> Data excerpts:
== Segment start ==
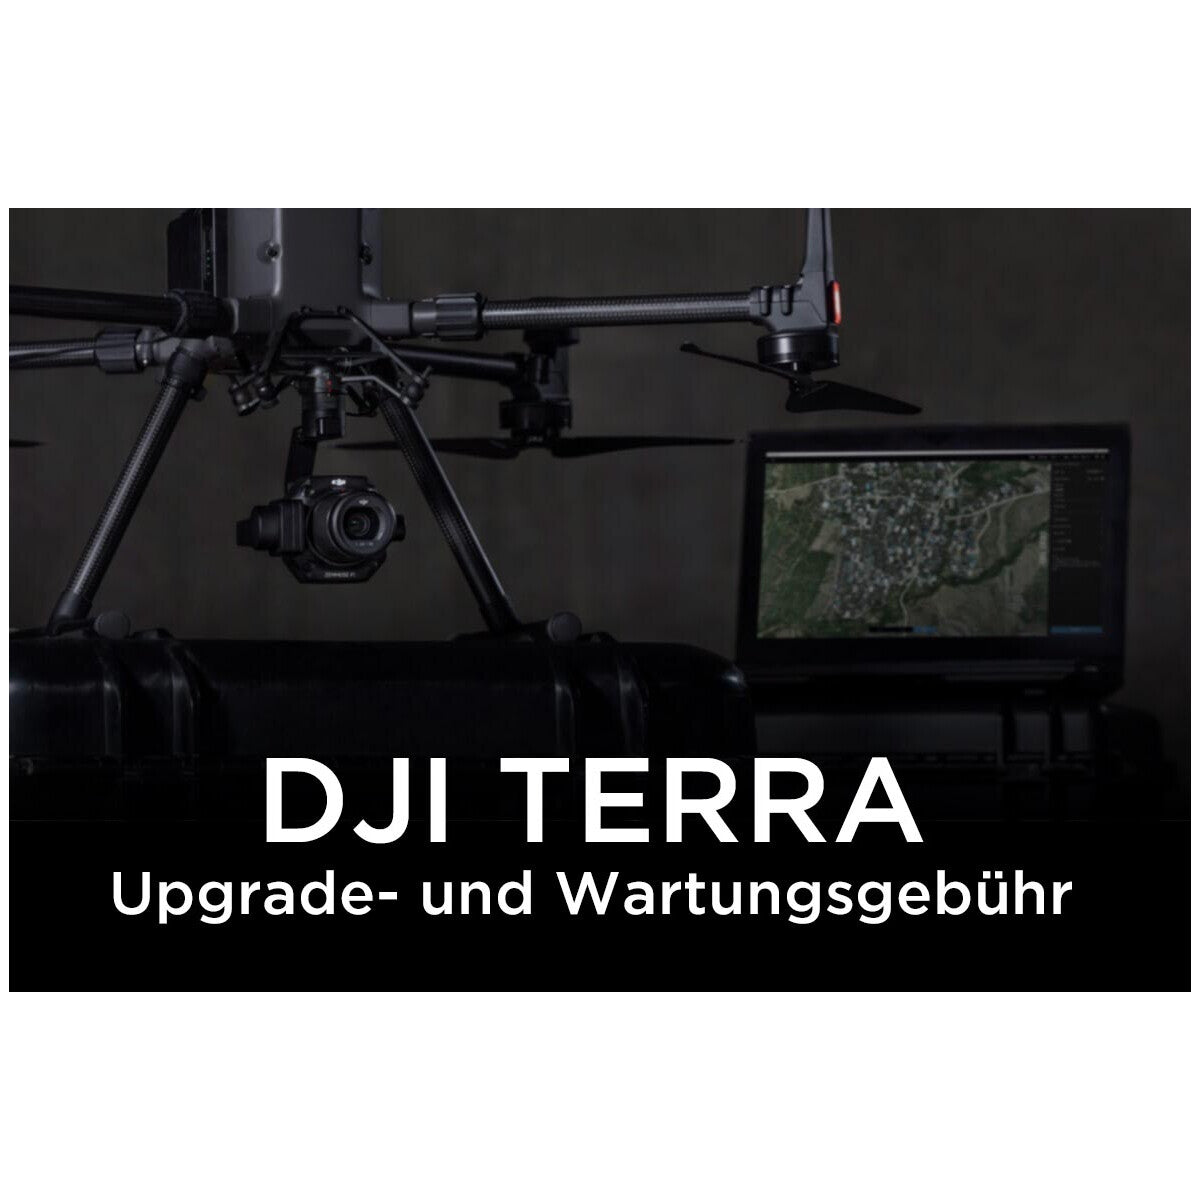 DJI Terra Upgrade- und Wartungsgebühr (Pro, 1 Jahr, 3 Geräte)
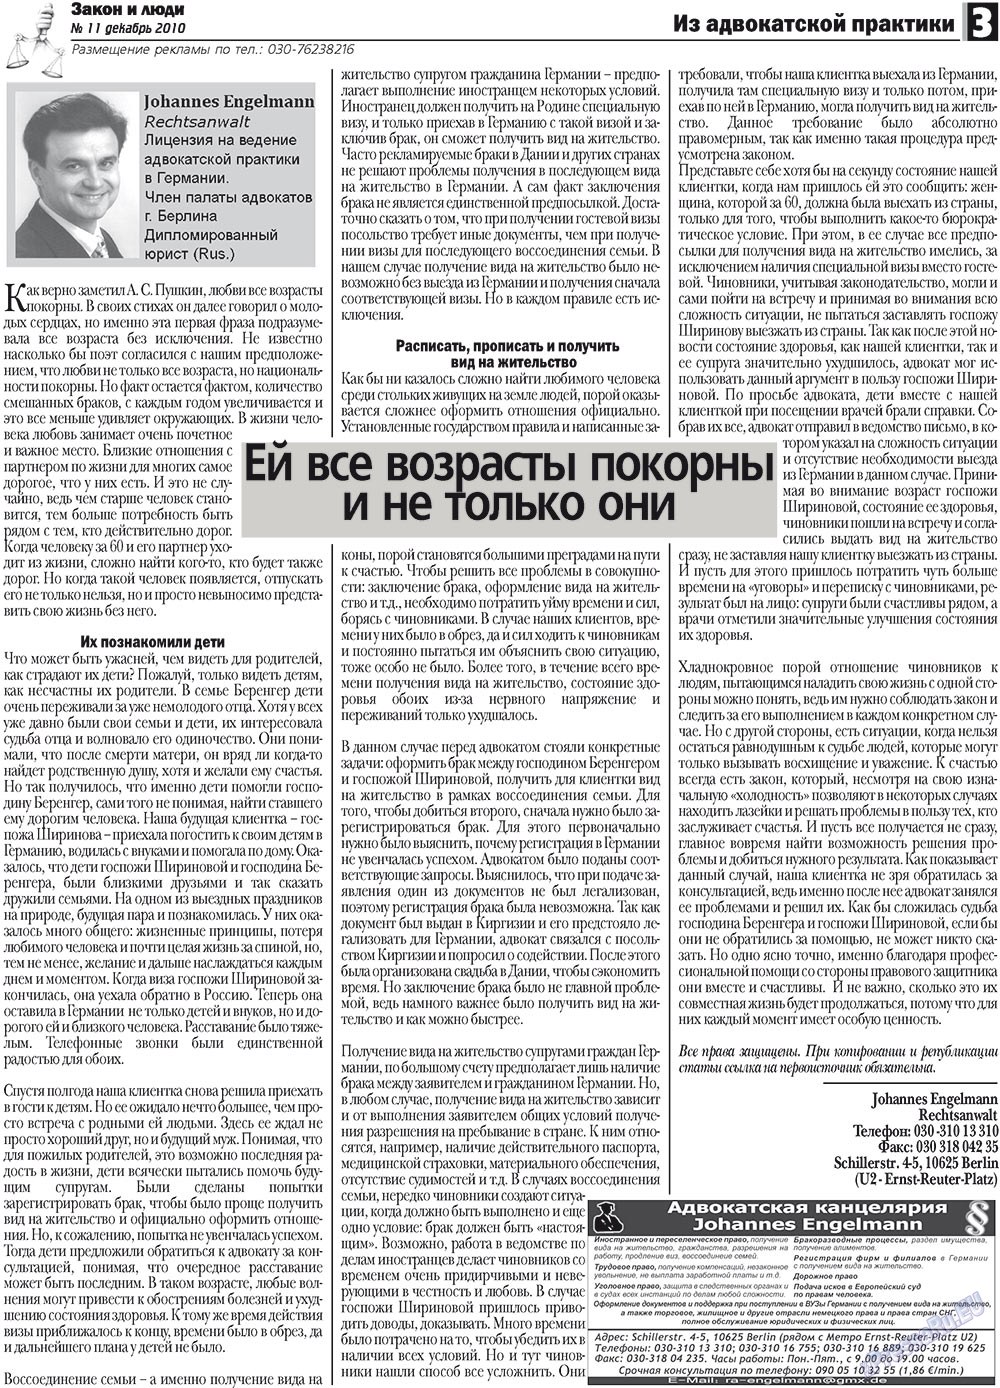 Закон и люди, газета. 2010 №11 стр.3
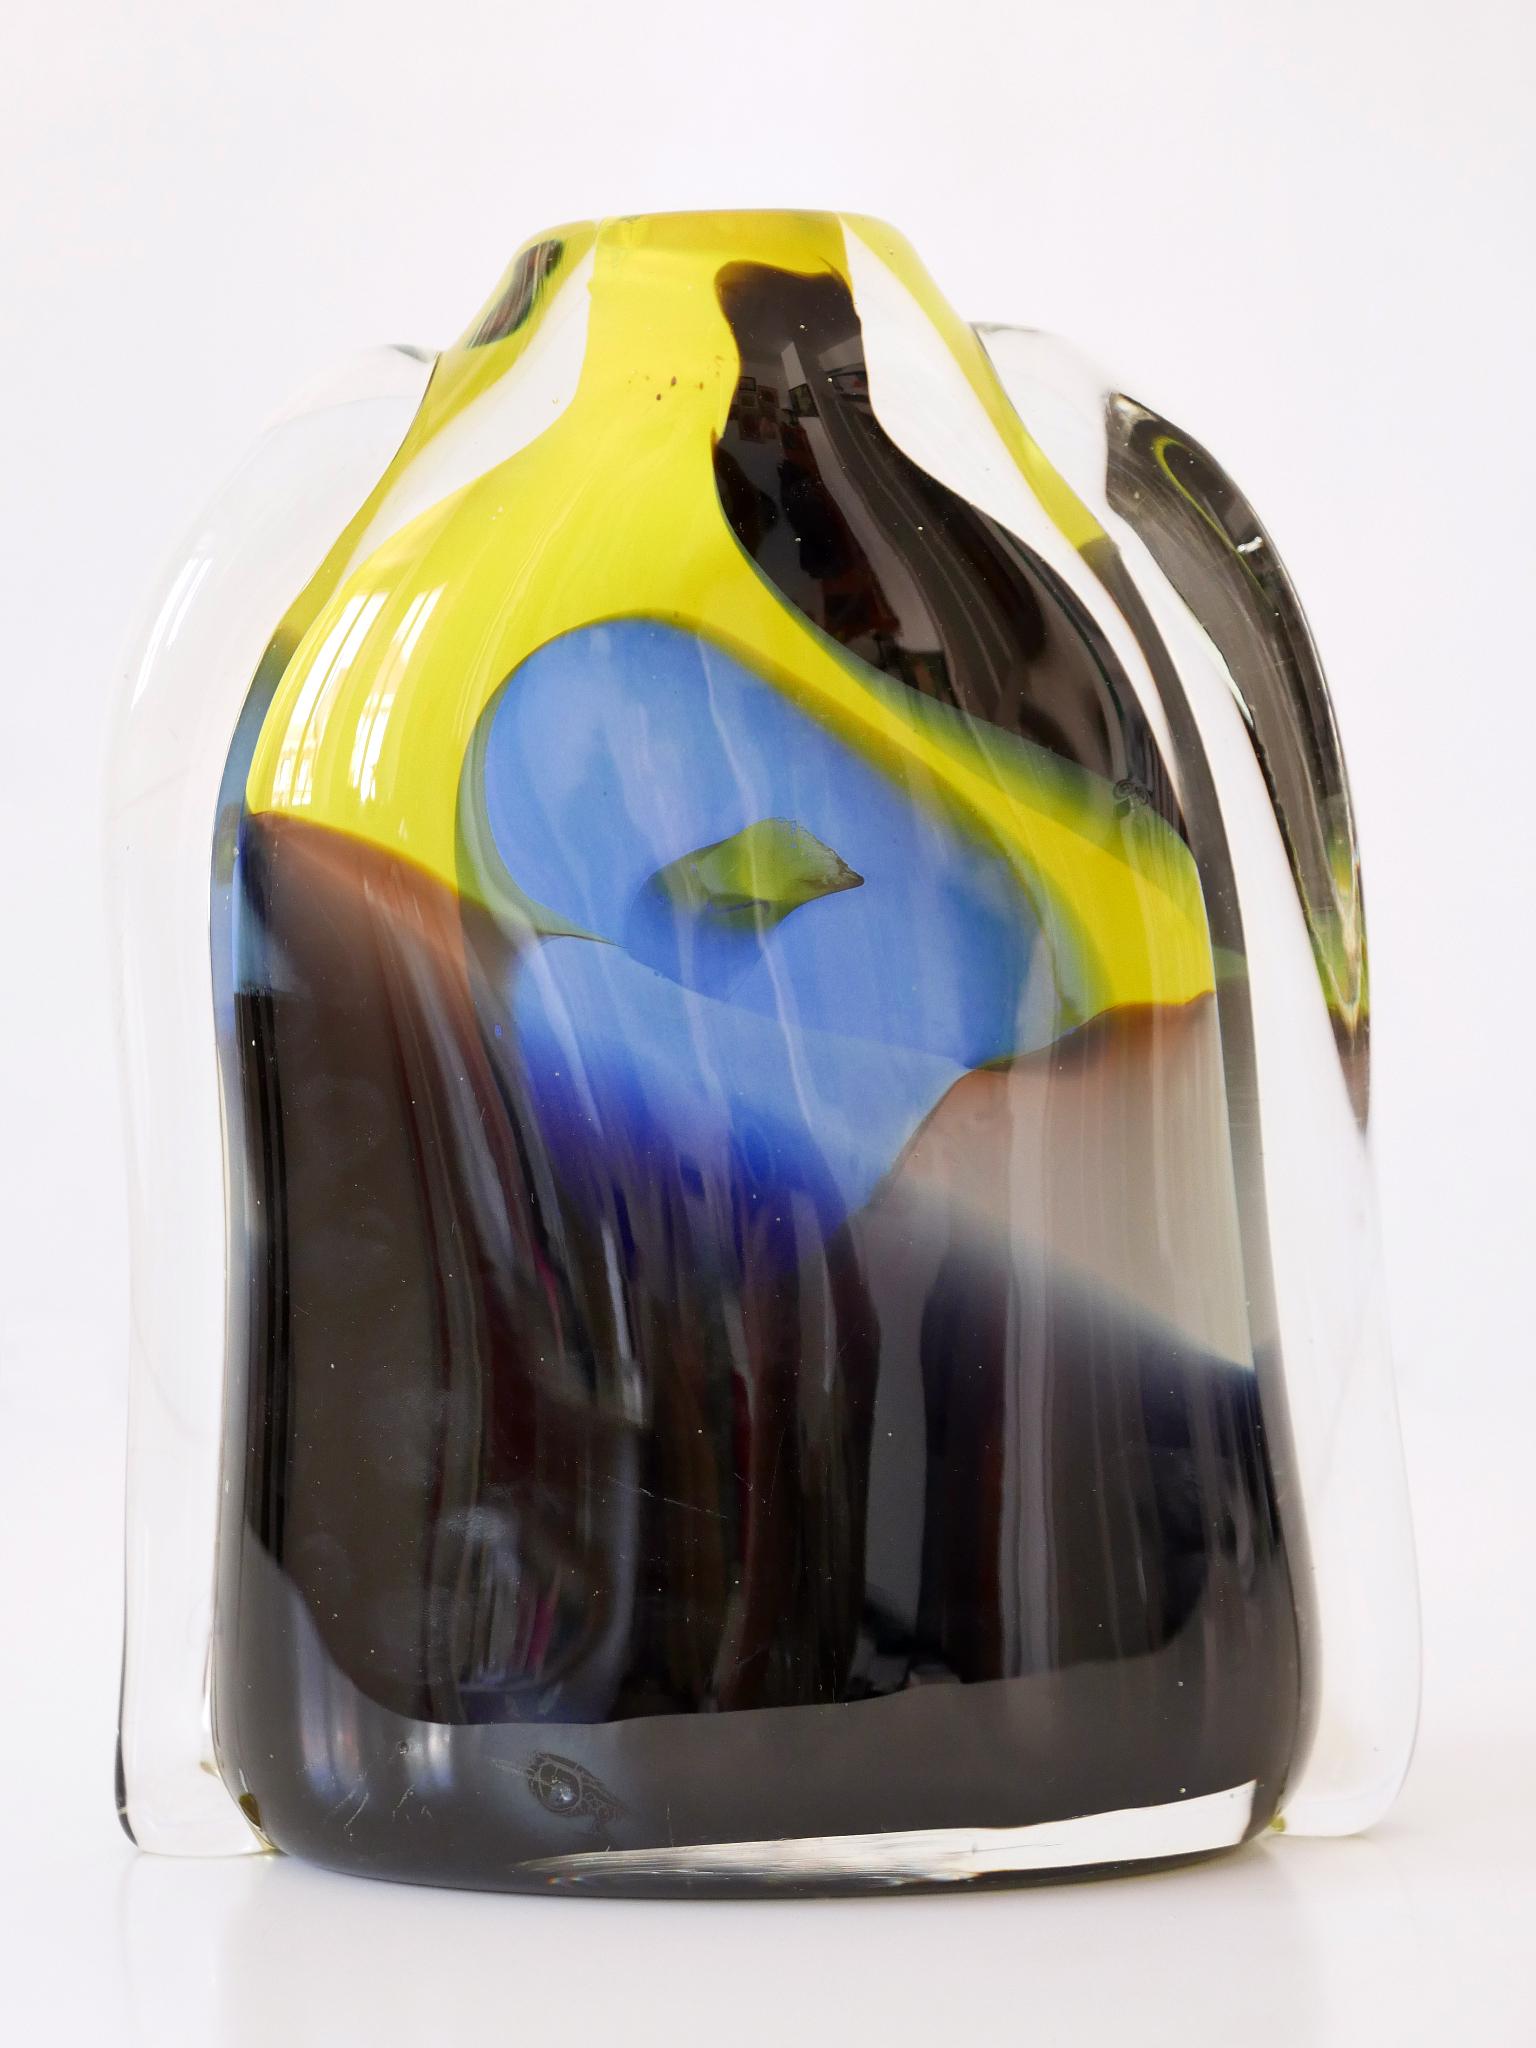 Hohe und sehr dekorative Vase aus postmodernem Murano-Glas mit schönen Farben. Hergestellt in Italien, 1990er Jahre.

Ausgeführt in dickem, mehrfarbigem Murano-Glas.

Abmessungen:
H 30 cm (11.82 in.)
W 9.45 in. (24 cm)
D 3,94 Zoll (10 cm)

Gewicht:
== Segment end ==
> Action item: Write out again, unchanged, every line from the line containing "H 30 cm (11.82 in.)" to the final line of the material above.

> Response to this exercise:
H 30 cm (11.82 in.)
W 9.45 in. (24 cm)
D 3,94 Zoll (10 cm)

Gewicht:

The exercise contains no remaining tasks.